Task brief — Transcribe exactly the lines from the one holding "La ministra de" to the end of the data below, including both of those lines and no others.
---- Entries shown
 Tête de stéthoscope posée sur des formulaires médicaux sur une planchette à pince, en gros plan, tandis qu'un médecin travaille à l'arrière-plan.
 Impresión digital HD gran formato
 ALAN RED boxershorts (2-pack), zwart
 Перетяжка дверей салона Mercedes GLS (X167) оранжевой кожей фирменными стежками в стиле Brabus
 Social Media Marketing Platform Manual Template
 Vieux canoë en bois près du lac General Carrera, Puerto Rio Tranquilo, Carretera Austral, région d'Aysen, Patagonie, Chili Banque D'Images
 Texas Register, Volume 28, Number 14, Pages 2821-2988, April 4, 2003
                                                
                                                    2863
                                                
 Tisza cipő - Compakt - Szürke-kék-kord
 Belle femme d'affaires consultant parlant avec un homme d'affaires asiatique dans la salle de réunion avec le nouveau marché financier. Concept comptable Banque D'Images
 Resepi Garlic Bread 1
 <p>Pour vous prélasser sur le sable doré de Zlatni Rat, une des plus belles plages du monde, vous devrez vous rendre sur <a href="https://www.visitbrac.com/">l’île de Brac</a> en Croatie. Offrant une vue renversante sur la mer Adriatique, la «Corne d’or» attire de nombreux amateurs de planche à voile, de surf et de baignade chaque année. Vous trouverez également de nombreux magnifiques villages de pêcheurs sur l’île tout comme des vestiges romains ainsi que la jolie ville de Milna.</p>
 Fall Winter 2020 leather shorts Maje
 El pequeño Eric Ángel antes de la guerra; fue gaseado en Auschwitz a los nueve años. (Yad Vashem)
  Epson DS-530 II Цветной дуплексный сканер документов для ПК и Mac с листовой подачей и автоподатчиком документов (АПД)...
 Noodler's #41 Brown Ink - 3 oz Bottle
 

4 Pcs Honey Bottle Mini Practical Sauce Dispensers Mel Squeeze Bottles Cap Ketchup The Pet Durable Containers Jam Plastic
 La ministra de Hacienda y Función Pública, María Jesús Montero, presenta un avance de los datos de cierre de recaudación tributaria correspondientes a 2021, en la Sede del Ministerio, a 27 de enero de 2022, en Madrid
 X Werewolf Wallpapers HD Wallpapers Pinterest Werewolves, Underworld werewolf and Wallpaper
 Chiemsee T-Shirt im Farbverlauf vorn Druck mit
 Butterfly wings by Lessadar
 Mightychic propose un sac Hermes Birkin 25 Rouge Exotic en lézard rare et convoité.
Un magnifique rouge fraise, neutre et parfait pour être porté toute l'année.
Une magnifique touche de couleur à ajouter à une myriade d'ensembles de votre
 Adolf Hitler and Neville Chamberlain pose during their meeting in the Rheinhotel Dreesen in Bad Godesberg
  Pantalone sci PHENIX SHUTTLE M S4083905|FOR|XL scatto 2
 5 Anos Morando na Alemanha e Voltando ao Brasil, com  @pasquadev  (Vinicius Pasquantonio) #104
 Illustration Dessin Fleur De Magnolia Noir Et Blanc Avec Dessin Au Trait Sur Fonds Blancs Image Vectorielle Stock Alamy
--------
Reply to the exercise —
 La ministra de Hacienda y Función Pública, María Jesús Montero, presenta un avance de los datos de cierre de recaudación tributaria correspondientes a 2021, en la Sede del Ministerio, a 27 de enero de 2022, en Madrid
 X Werewolf Wallpapers HD Wallpapers Pinterest Werewolves, Underworld werewolf and Wallpaper
 Chiemsee T-Shirt im Farbverlauf vorn Druck mit
 Butterfly wings by Lessadar
 Mightychic propose un sac Hermes Birkin 25 Rouge Exotic en lézard rare et convoité.
Un magnifique rouge fraise, neutre et parfait pour être porté toute l'année.
Une magnifique touche de couleur à ajouter à une myriade d'ensembles de votre
 Adolf Hitler and Neville Chamberlain pose during their meeting in the Rheinhotel Dreesen in Bad Godesberg
  Pantalone sci PHENIX SHUTTLE M S4083905|FOR|XL scatto 2
 5 Anos Morando na Alemanha e Voltando ao Brasil, com  @pasquadev  (Vinicius Pasquantonio) #104
 Illustration Dessin Fleur De Magnolia Noir Et Blanc Avec Dessin Au Trait Sur Fonds Blancs Image Vectorielle Stock Alamy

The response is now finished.